Here, both the id feature and the name feature are not returned, which leaves only the employer feature.


DataFrame output

You can also output many instances of a feature class from a resolver by specifying a DataFrame as the return type of the function:

@offline
def get_events() -> DataFrame[Transfer.uuid, Transfer.amount, Transfer.ts]:
    return DataFrame.read_csv(...)

Say you wanted to return many instances of a feature class, including nested features, from a resolver, then you can the DataFrame class for your return type and in your resolver definition.

@online
def get_user_employer_information(id: User.id) -> Dataframe[User.id, User.name, User.employer.name, User.employer.category]:
    return DataFrame([
        User(
            id="1",
            name="Jennifer Doudna",
            employer=Employer(
                name="University of California, Berkeley",
                category="Education"
            )
        )
    ])

For more info on how to load batch data, see the Data Sources sections. DataFrame-returning resolvers don’t need inputs.

All features

To return all features of a class in a DataFrame, use DataFrame[...] class around the feature class:

@online
def get_all_users() -> DataFrame[User]:
    return DataFrame([
        User(
            name="Jennifer Doudna",
            employer="University of California, Berkeley"
        )
    ])

Other DataFrame-returning resolvers

Imagine a scalar feature you’d like to backfill over many thousands of primary keys and historical times. DataFrame-returning resolvers can dramatically reduce the computation time due to its vectorized handling.

@offline
def get_new_feature_as_dataframe(
    df: DataFrame[Transaction.id, ...]
) -> DataFrame[Transaction.id, Transaction.new_feature]:

The above resolver runs faster on a thousand rows than the equivalent scalar resolver ran a thousand times.

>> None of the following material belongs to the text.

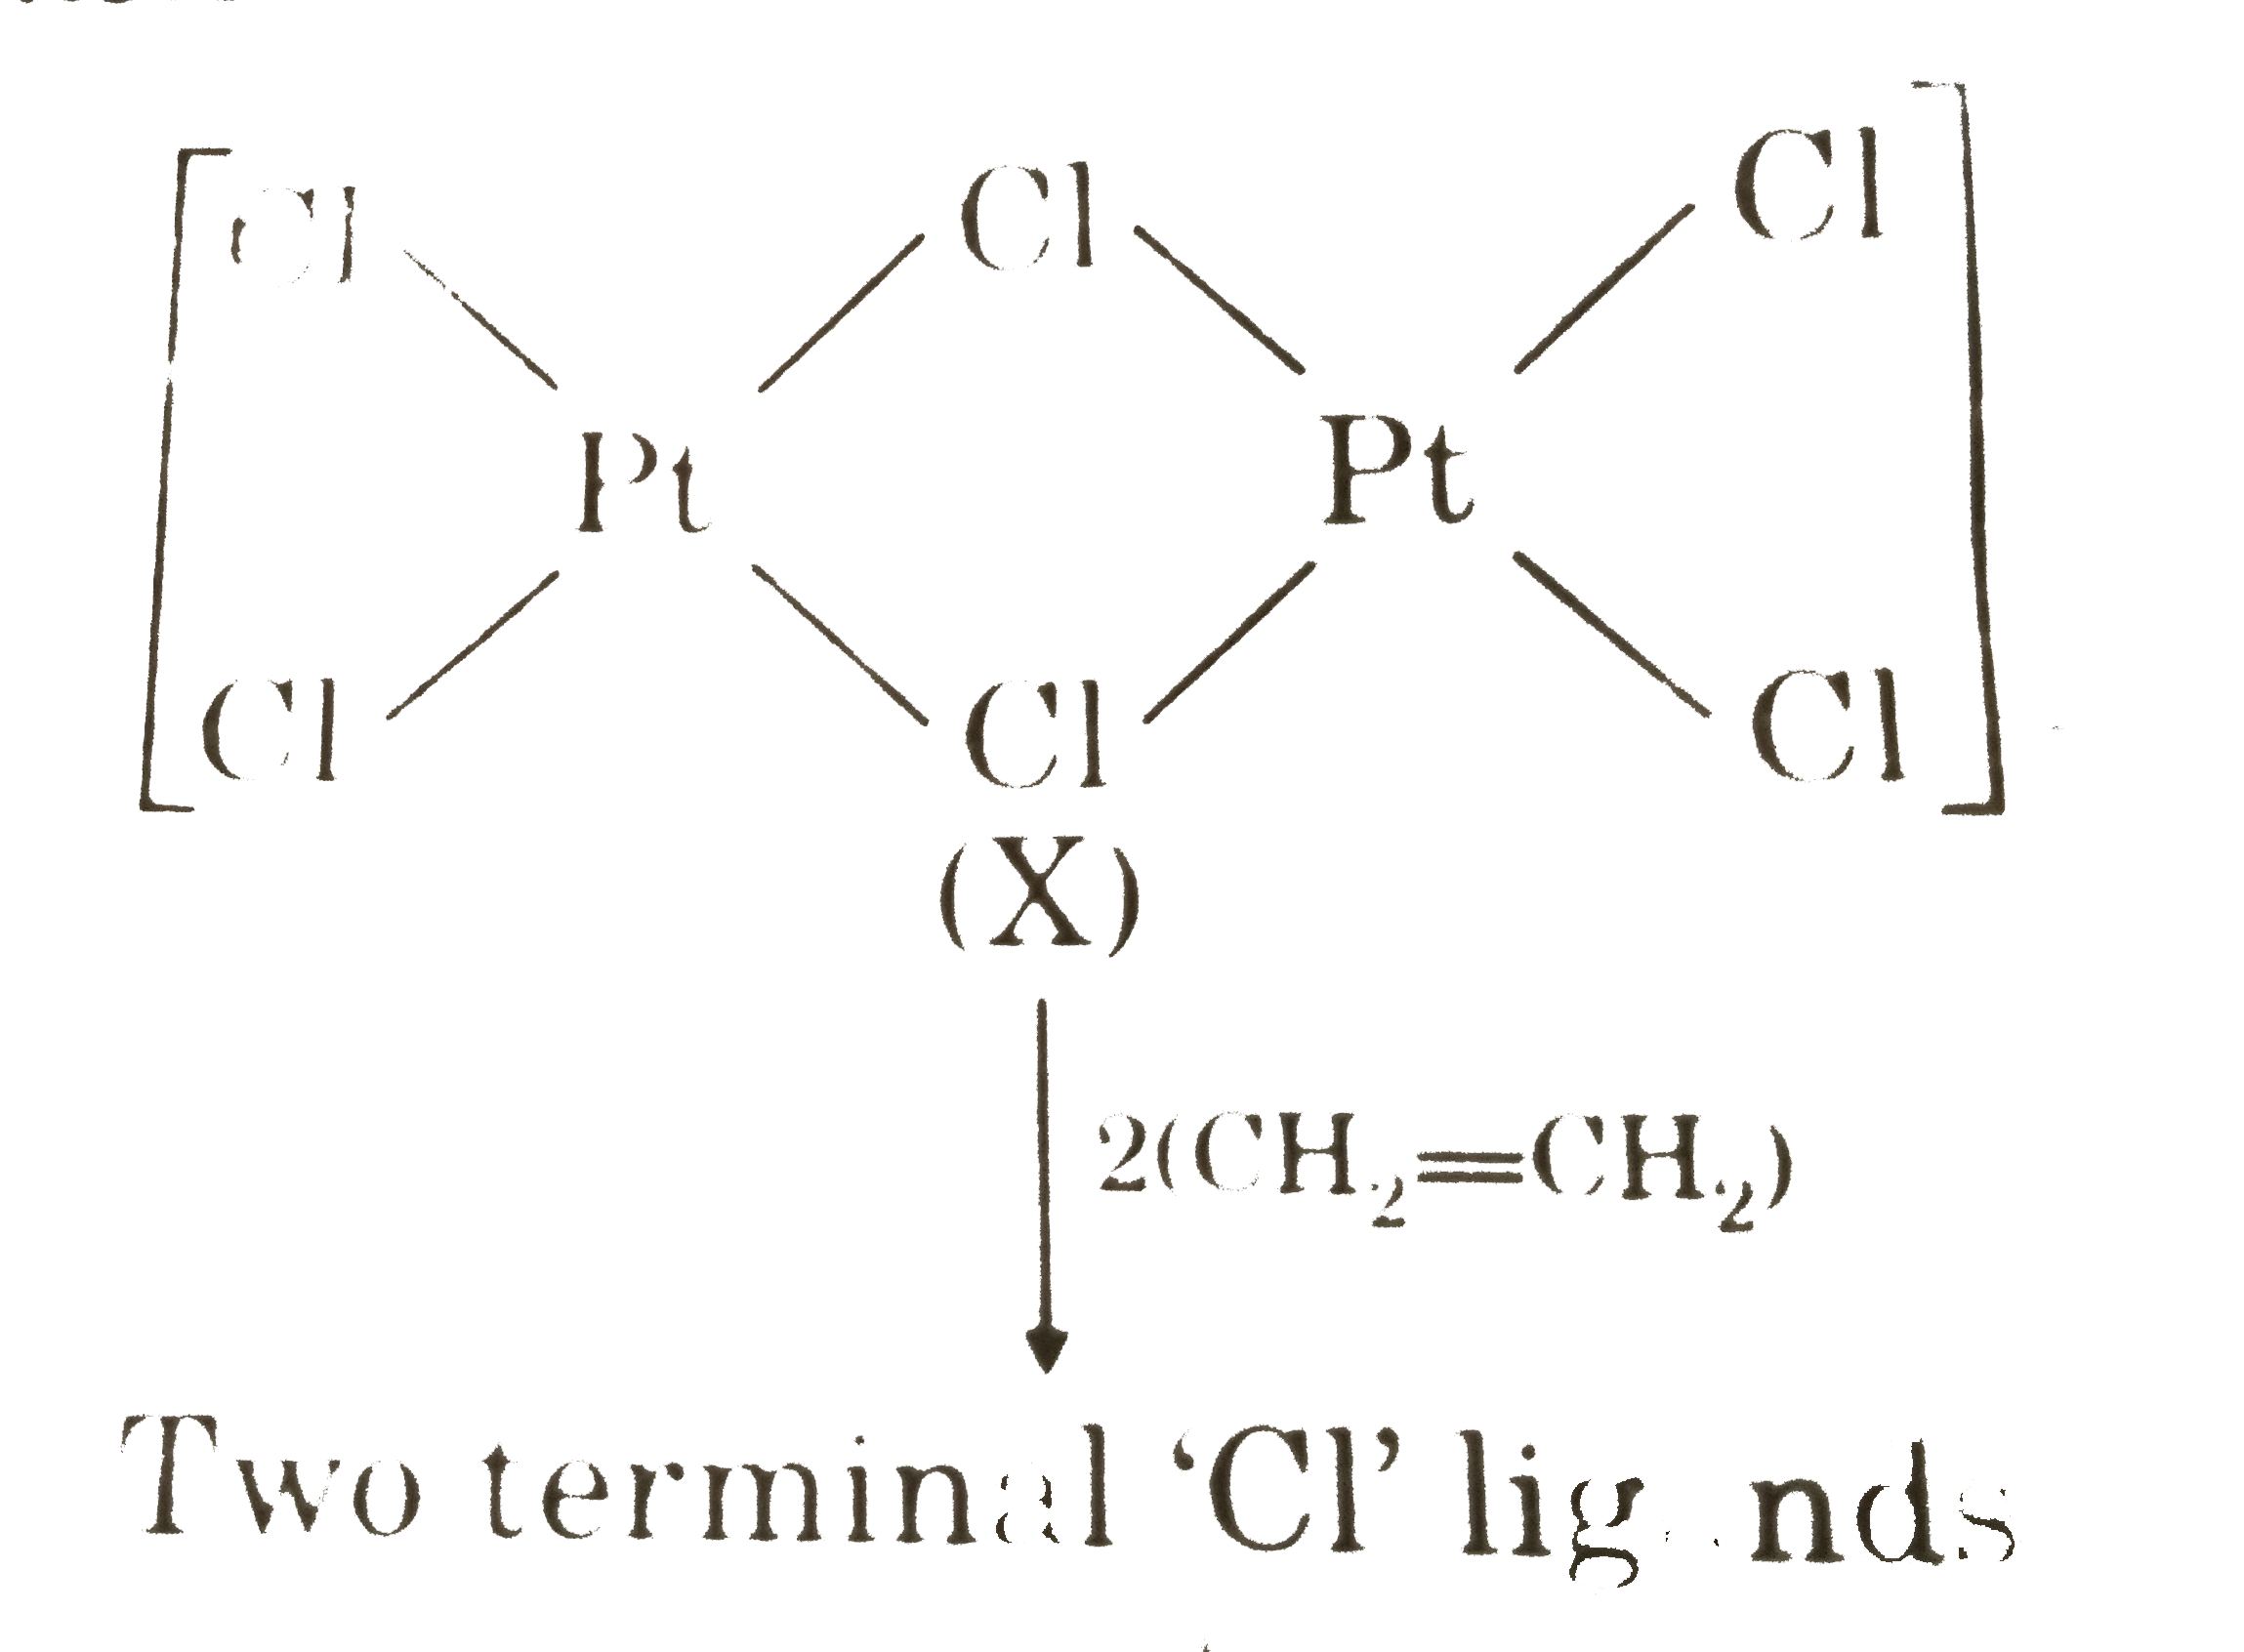 Both (X) and (Y) are square planar complexes about Pt^(II)   Which of the following isomerism(s) is/are exhibited by the complex (Y)?

Chalk also supports relationship-returning resolvers that enable users to return a DataFrame belonging to a has-many relationship.

@offline
def relationship_returning_resolver(
    df: User.transactions[Transaction.id, Transaction.amount, Transaction.description],
    user_type: User.type
) -> User.transactions[Transaction.id, Transaction.transaction_type]:

Just make sure that the return DataFrames do not have duplicate rows. That means no two rows should have the same primary key, or primary key & timestamp combinations if the feature time is also returned.